- EXERCISE PROMPT
Although the listing below holds pictures, reproduce only its lines from the one containing "FLOVEME Power Bank" through the last, exactly and without them.

- INFORMATION SUPPLIED
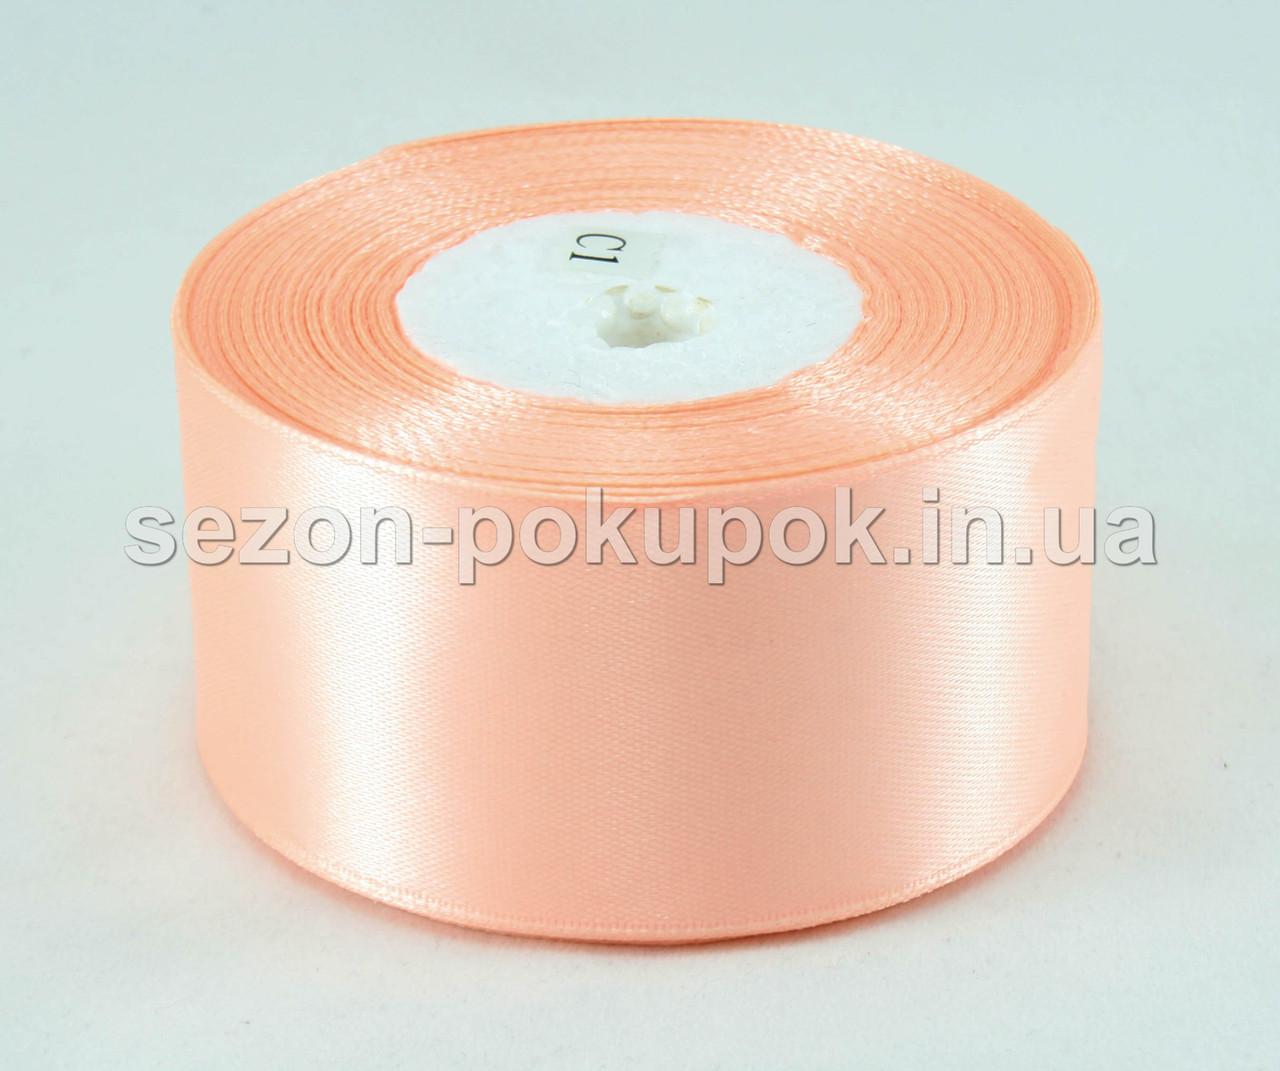 Лента атласная ширина 4 см (23 метра) цвет - персиковый
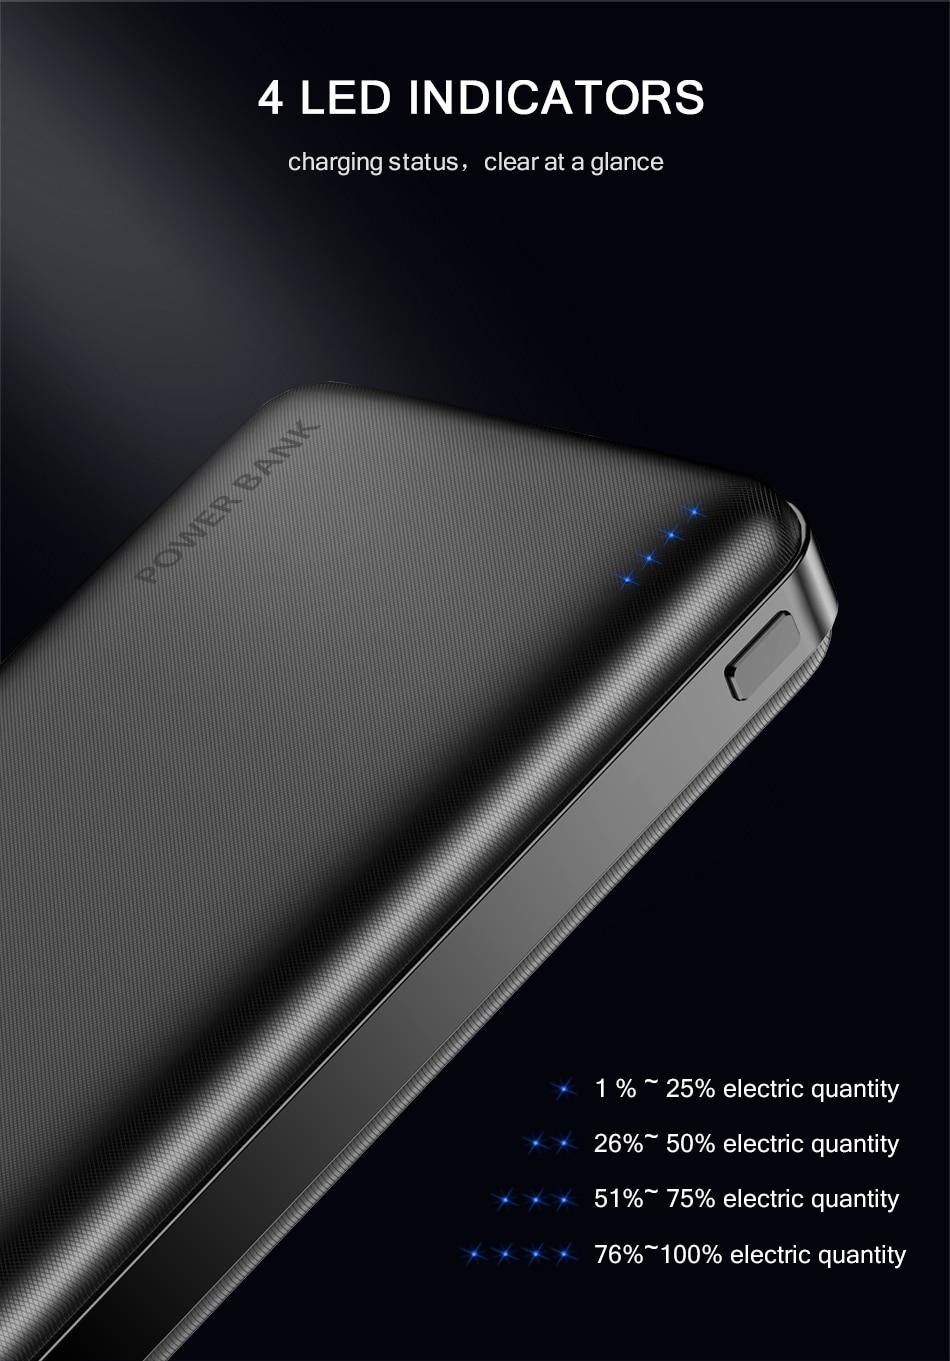 FLOVEME Power Bank 20000mAh Portable Charging Poverbank Mobile Phone External Battery Charger Powerbank 000 mAh for Xiaomi Mi 4
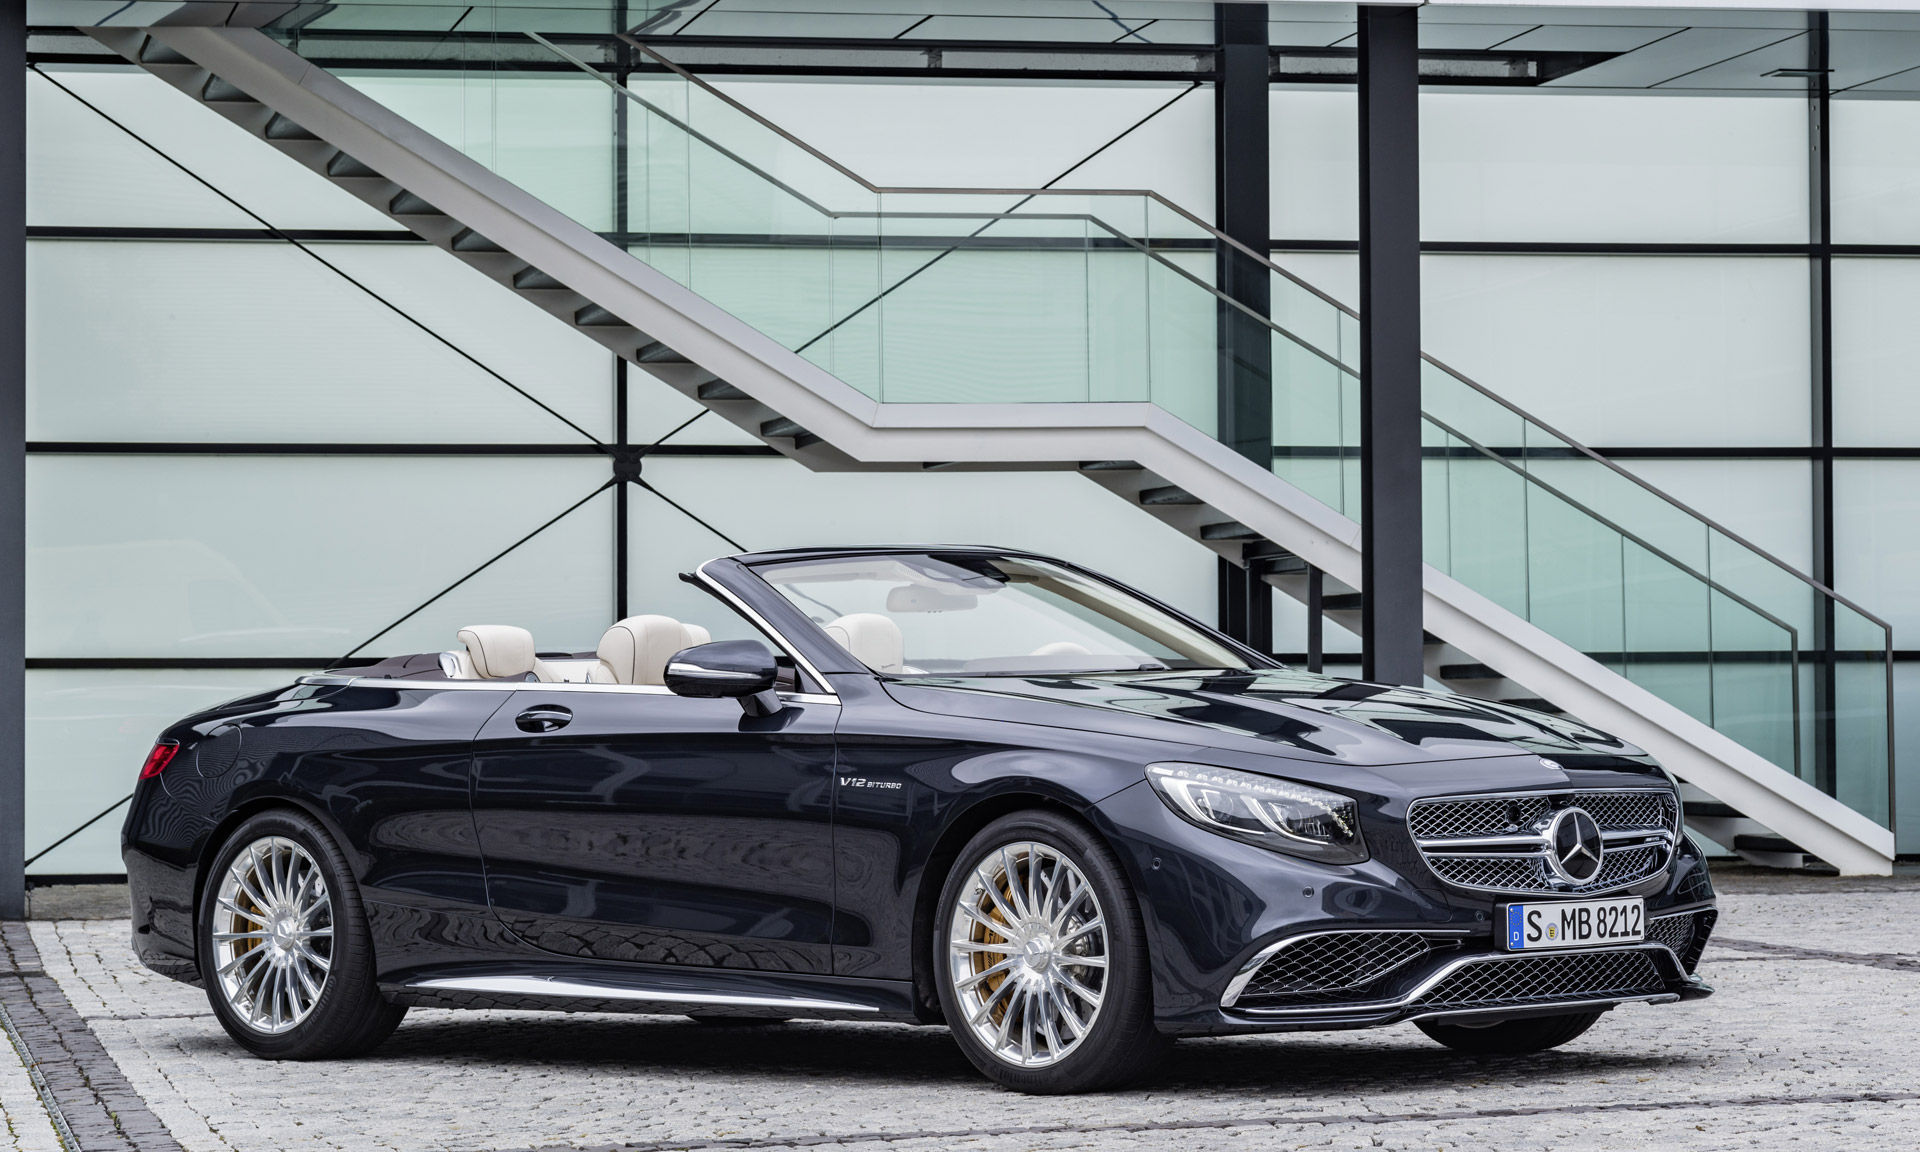 2017 Mercedes-Benz S-Class | 2017 Mercedes-AMG S65 Cabriolet

- EXPECTED ANSWER
 FLOVEME Power Bank 20000mAh Portable Charging Poverbank Mobile Phone External Battery Charger Powerbank 000 mAh for Xiaomi Mi 4
 2017 Mercedes-Benz S-Class | 2017 Mercedes-AMG S65 Cabriolet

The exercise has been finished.